◆ YOUR GOAL ◆
Can you copy out the data exactly? Leave the images out.

◆ SUPPLIED DATA ◆
----

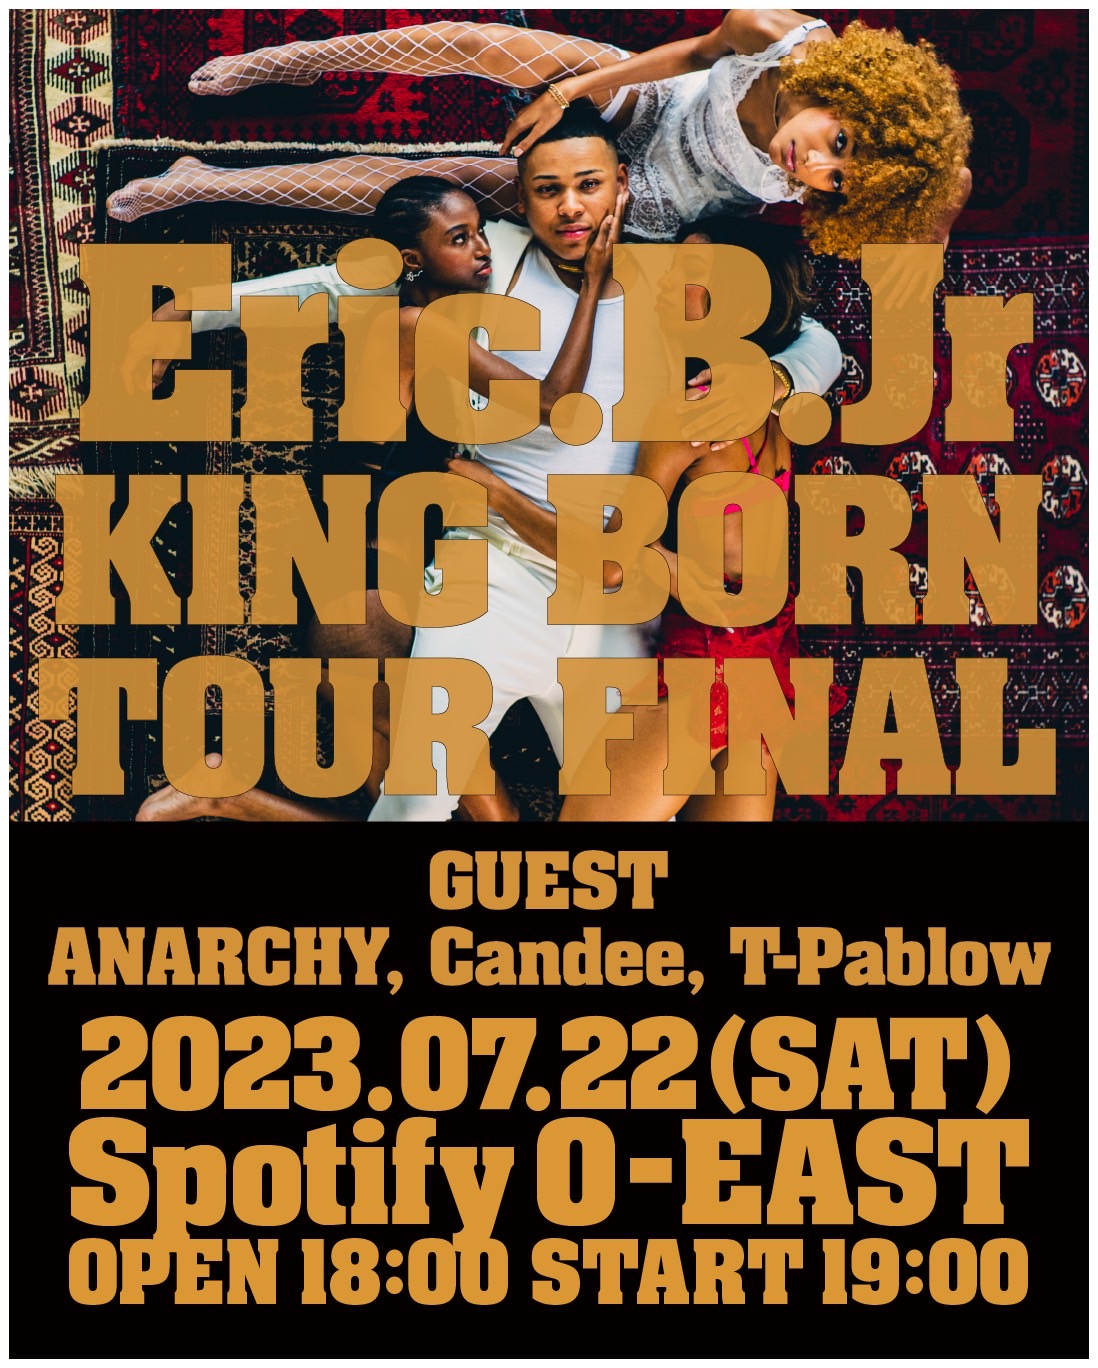 Eric.B.Jr KING BORN RELEASE LIVE TOUR
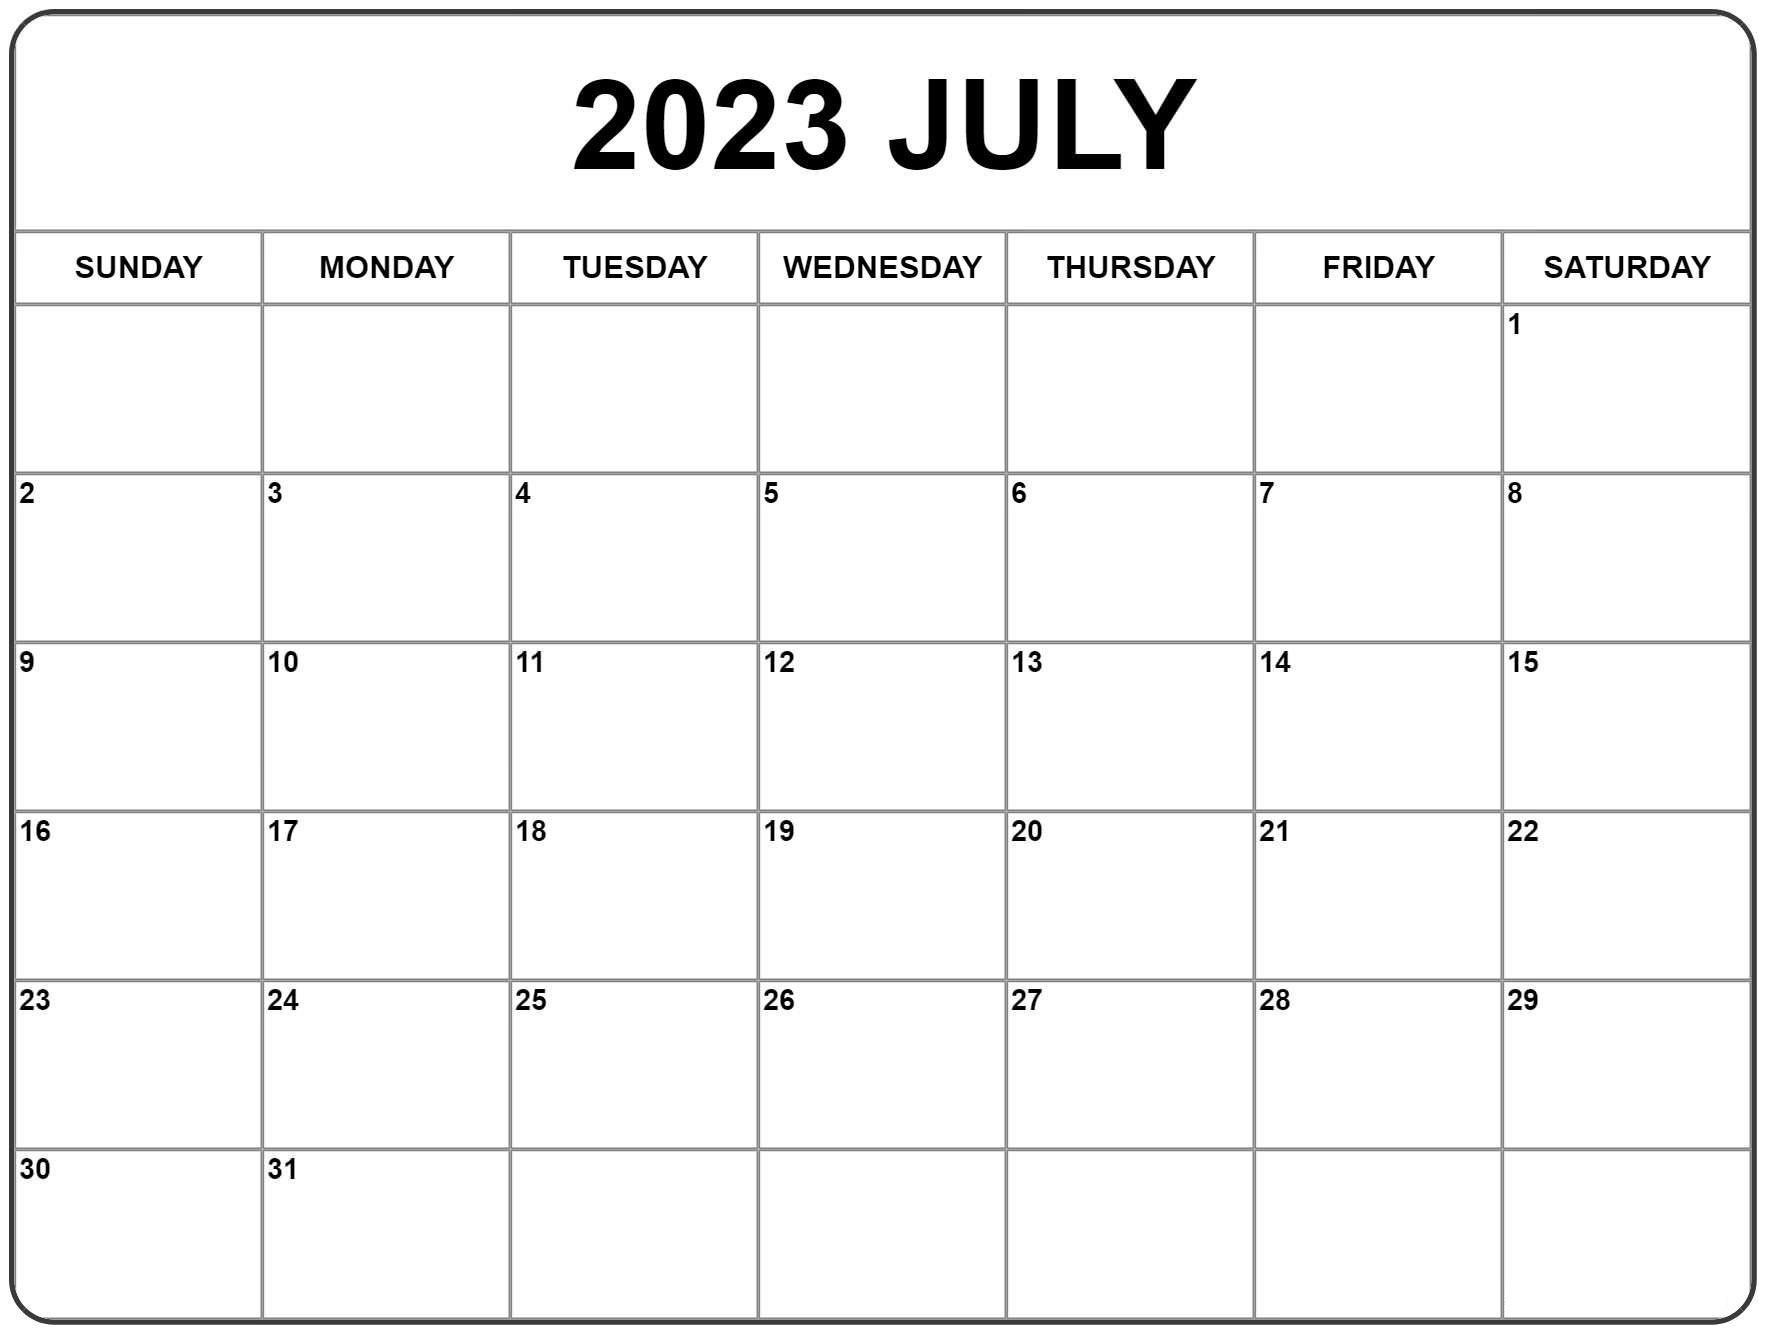 July 2023 calendar template in excel
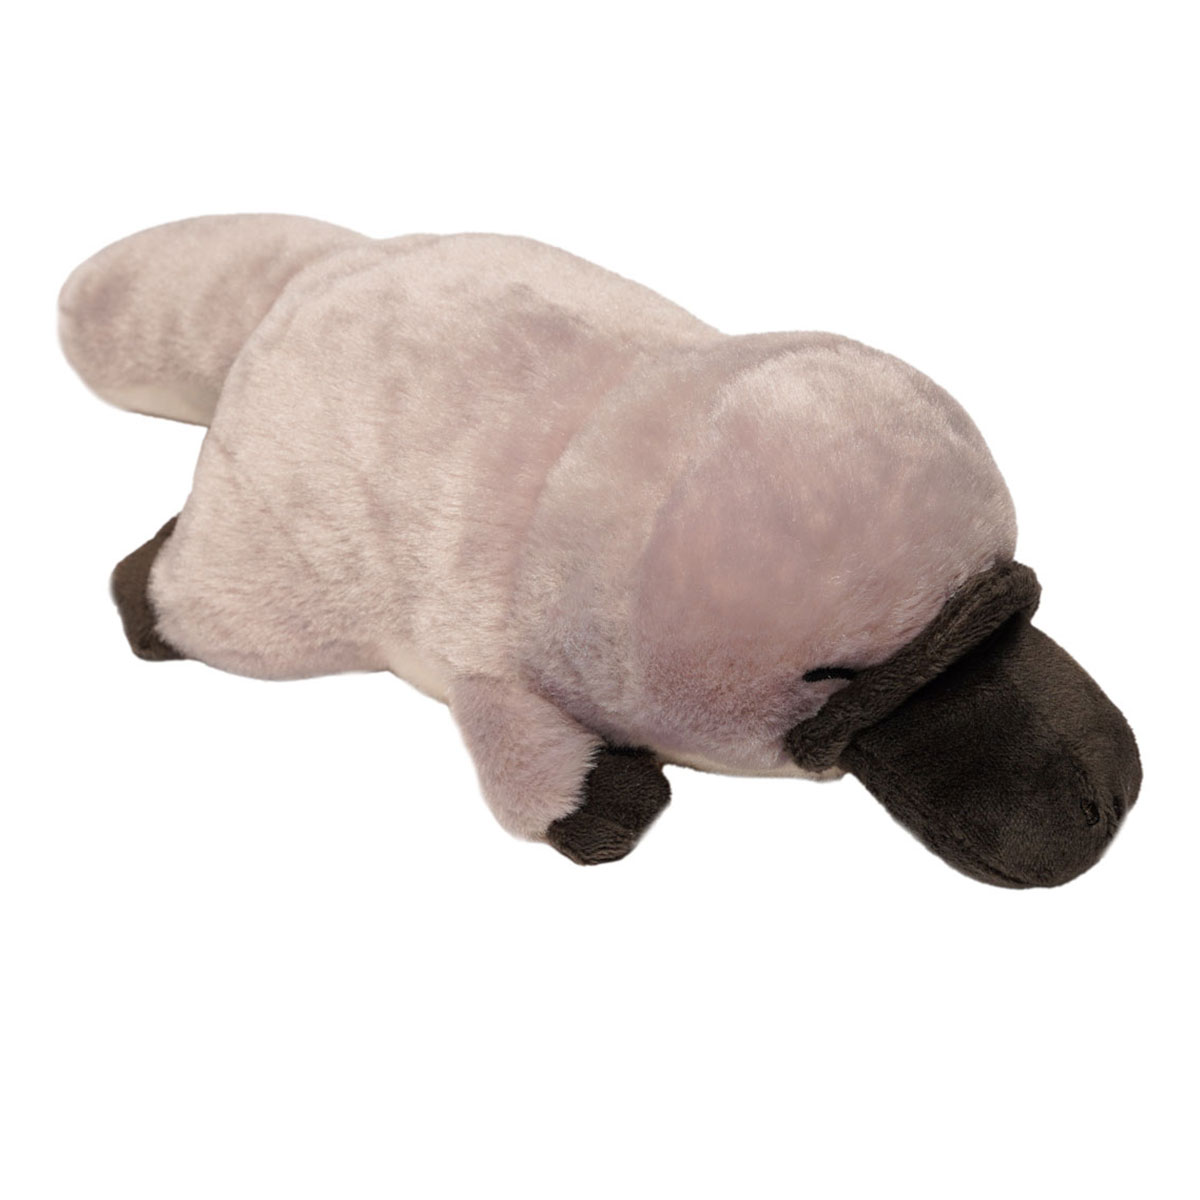 Platypus Plushie Kawaii Stuffed Animal Toy Grey Standard Size 11 Inches

----

◆ REPLY TO THE TASK ◆
 Eric.B.Jr KING BORN RELEASE LIVE TOUR
 July 2023 calendar template in excel
 Platypus Plushie Kawaii Stuffed Animal Toy Grey Standard Size 11 Inches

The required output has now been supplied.